Writing a cover letter in high school means drawing on non-job experiences to prove you will be a good hire. Cover letters fill out your résumé by overlaying dry information like dates with a story about your work ability. Recruiters have a limited amount of time to review each application. Restrict your cover letter to one page or less in length while still including these core sections: contact information, a salutation, three body paragraphs and a conclusion.
Begin your letter by listing your contact information: name, address, phone number and a professional-sounding email address (preferably one incorporating your full name). Address your reader by writing “Dear Mr./Ms.” and the reader’s last name; if you do not know who will read your cover letter, write to the title of the position’s supervisor (e.g., “Dear Lifeguard Recruiter”). Finish with a colon.

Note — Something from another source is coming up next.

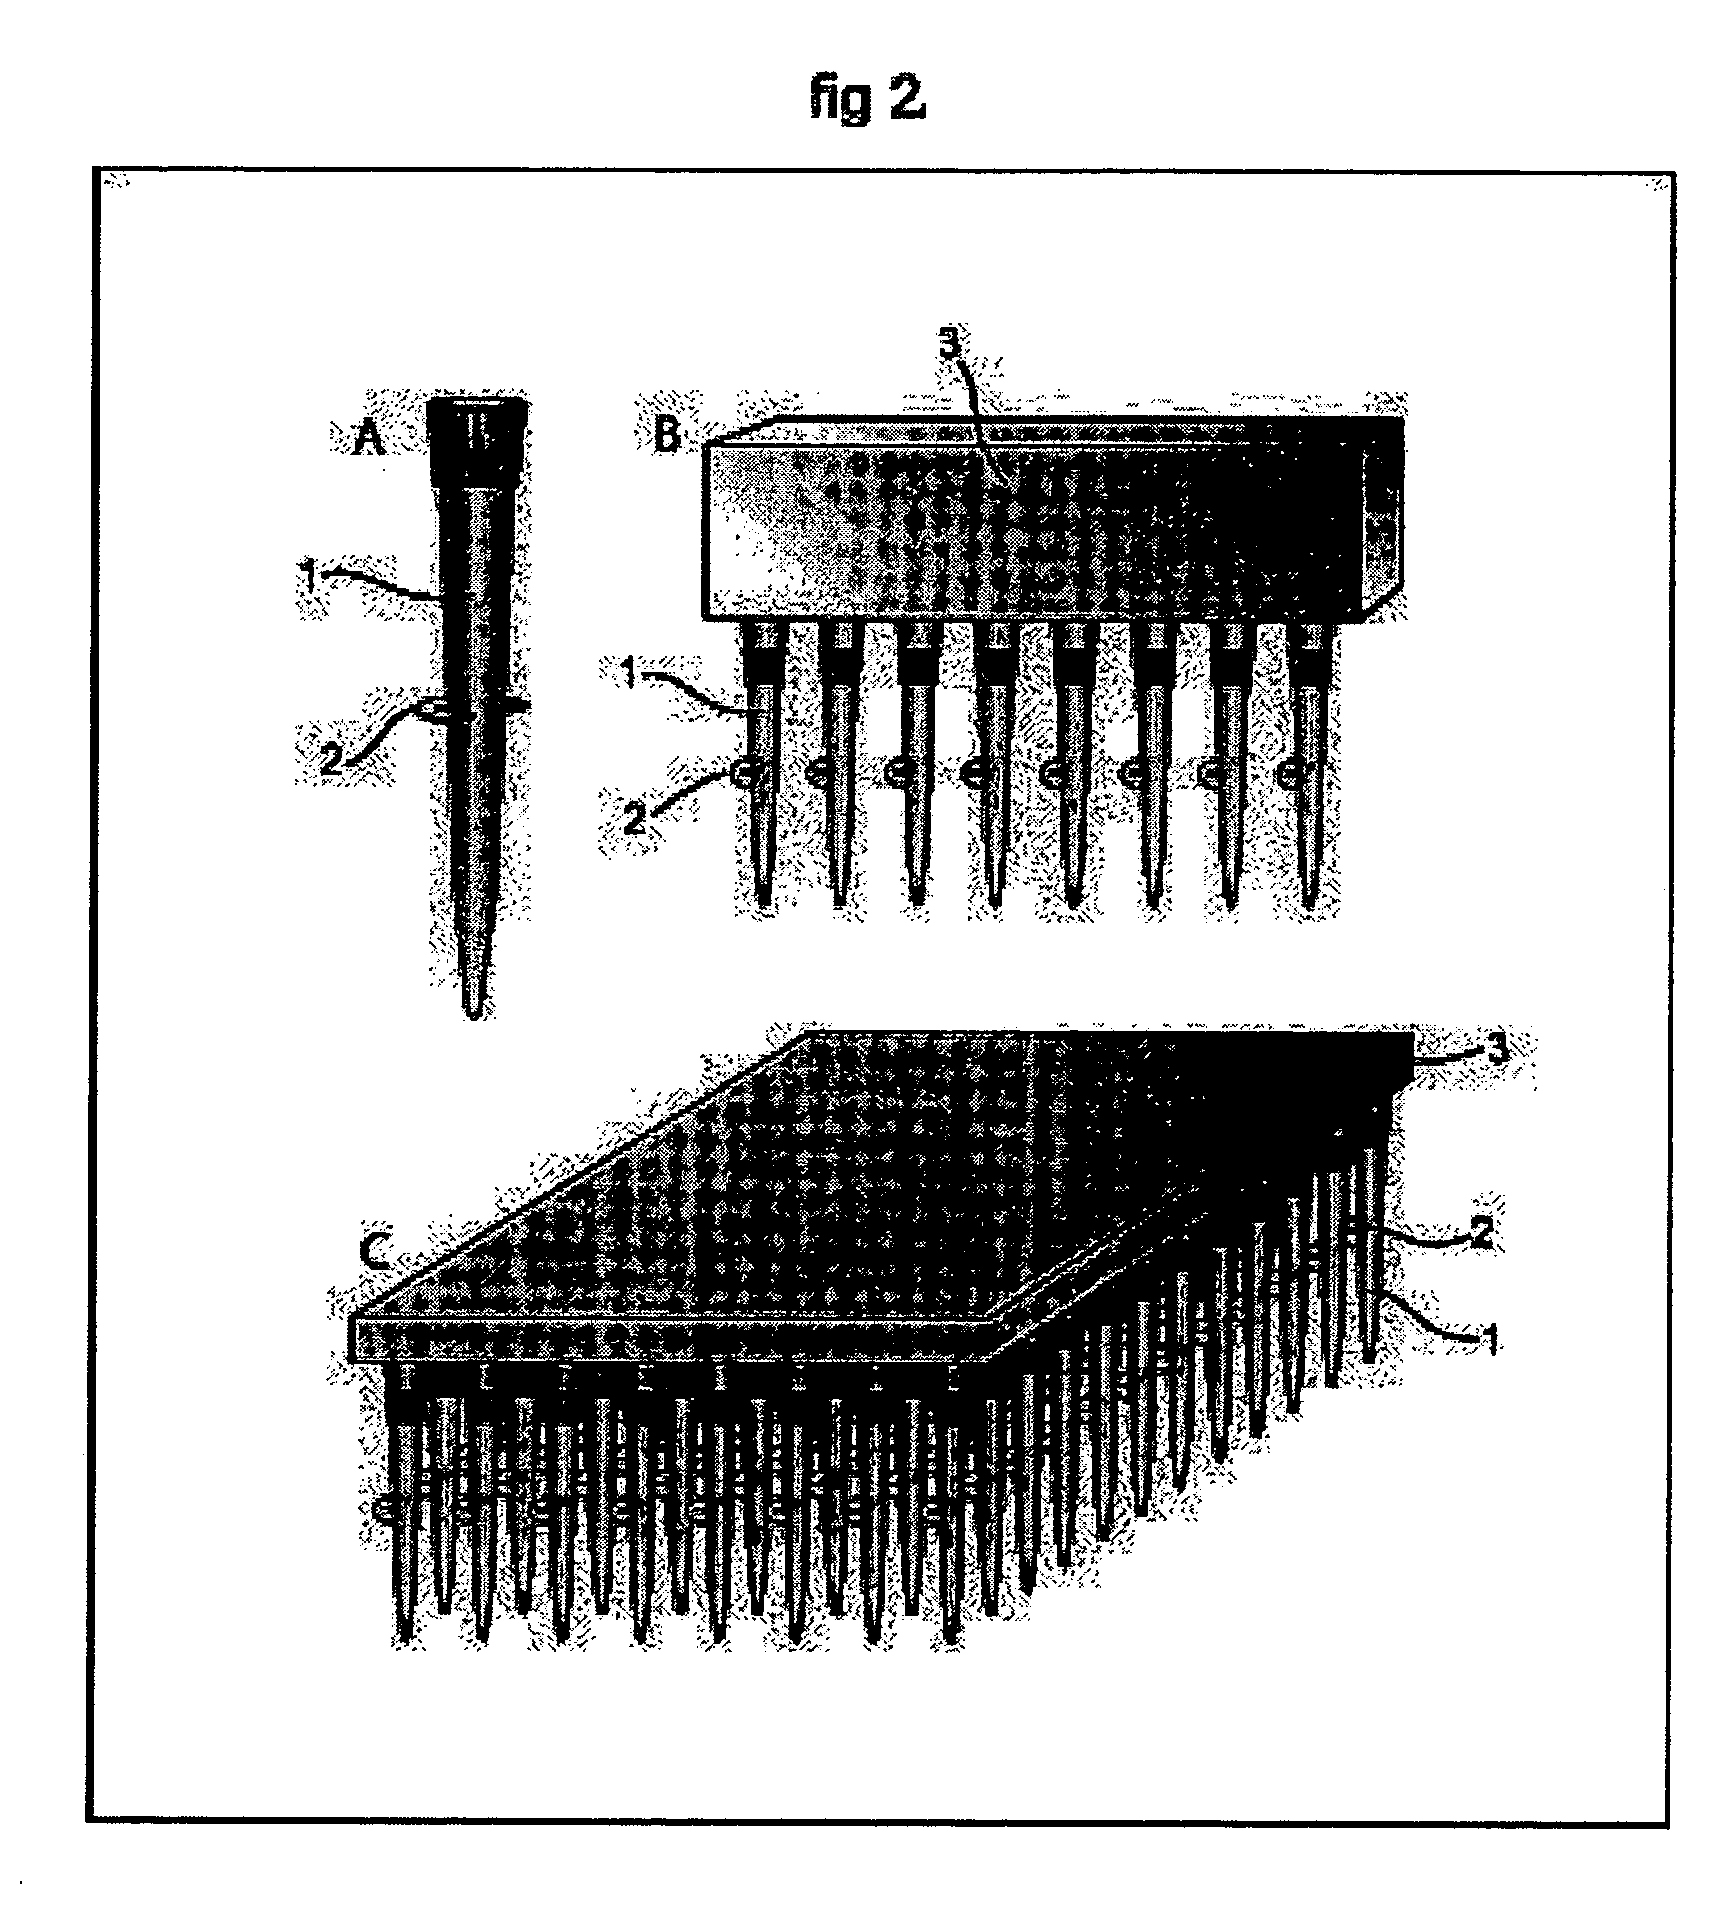 Method and apparatus for spatially confined electroporation

State the position for which you're applying (e.g., "I am writing to apply for the library assistant position."). Briefly introduce yourself and explain why you think you would be a good hire (e.g., "I am a multisport high-school athlete whose knowledge of games and skill at balancing academics and extra-curricular activities make me a perfect fit for the gym supervisor position.").
Create one or two paragraphs outlining your qualifications for the job. Explain why you are interested in the position and what characteristics make you a good worker. If you do not have experience doing the activities required by the job, cite examples of volunteer or school experiences where you exhibited similar abilities.
List any of your skills applicable to the job. Even if your first job requires little skill, you can give specific examples of abilities like managing time and money, serving others and using technology. Make your letter special; do not use cliches such as “I work well with others” and “I am a team player” without giving specific examples of how you have exhibited these traits.
Conclude your letter by restating why you feel you fit the position well. Thank your reader for his time and encourage him to contact you to discuss your application. If you have an enthusiastic advocate such as a teacher or youth group leader, suggest that your leader contact this adult with any questions. Finally, sign off using “Sincerely” and your full name.
Proofread your letter carefully, removing contractions and slang. Clean layout and correct spelling give your reader a preview of your work ethic, showing you care enough about employment to invest time in a professional cover letter. Ask a teacher or high school career counselor to read your letter before sending it.